Stored items from a collection:
▼
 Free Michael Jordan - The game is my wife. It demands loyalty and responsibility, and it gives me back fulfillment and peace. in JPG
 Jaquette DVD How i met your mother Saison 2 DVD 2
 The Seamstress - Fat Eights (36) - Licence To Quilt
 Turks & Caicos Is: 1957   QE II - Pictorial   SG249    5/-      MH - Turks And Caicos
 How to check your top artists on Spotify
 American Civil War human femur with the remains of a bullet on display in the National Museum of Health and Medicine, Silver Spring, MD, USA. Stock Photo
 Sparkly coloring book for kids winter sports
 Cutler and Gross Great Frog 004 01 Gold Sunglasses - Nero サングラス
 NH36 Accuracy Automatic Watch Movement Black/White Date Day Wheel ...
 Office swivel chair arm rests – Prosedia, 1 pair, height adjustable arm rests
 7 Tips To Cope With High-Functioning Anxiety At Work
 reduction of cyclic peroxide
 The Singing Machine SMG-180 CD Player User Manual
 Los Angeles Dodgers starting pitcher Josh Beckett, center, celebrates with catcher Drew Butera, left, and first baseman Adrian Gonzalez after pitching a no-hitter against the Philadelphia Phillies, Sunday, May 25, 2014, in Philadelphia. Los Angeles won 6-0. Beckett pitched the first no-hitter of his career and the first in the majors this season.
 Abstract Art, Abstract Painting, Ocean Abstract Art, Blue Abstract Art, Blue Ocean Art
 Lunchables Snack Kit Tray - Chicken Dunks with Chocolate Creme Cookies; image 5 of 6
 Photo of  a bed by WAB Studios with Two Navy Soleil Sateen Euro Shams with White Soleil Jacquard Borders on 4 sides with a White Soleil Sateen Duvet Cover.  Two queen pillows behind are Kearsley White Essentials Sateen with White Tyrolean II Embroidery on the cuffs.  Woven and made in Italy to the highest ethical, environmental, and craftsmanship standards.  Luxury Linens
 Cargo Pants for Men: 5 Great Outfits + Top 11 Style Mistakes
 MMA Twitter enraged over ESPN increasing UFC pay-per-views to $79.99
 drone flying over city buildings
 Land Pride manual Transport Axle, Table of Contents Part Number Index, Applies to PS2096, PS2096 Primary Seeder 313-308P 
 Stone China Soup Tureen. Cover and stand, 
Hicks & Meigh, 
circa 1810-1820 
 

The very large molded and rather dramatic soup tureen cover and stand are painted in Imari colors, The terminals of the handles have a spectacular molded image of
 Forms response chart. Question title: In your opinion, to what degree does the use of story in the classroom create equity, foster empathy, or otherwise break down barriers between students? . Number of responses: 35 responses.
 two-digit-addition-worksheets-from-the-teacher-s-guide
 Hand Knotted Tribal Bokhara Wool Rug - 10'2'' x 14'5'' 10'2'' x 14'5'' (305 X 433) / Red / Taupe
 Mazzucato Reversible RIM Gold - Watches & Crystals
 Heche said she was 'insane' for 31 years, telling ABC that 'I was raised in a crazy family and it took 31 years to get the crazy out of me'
▲
> **ACTION ITEM**
Of the lines above, extract only those from the line with "The Singing Machine" to the line with "Lunchables Snack Kit", both included, exactly as written.

> **REPLY TO THE EXERCISE**
 The Singing Machine SMG-180 CD Player User Manual
 Los Angeles Dodgers starting pitcher Josh Beckett, center, celebrates with catcher Drew Butera, left, and first baseman Adrian Gonzalez after pitching a no-hitter against the Philadelphia Phillies, Sunday, May 25, 2014, in Philadelphia. Los Angeles won 6-0. Beckett pitched the first no-hitter of his career and the first in the majors this season.
 Abstract Art, Abstract Painting, Ocean Abstract Art, Blue Abstract Art, Blue Ocean Art
 Lunchables Snack Kit Tray - Chicken Dunks with Chocolate Creme Cookies; image 5 of 6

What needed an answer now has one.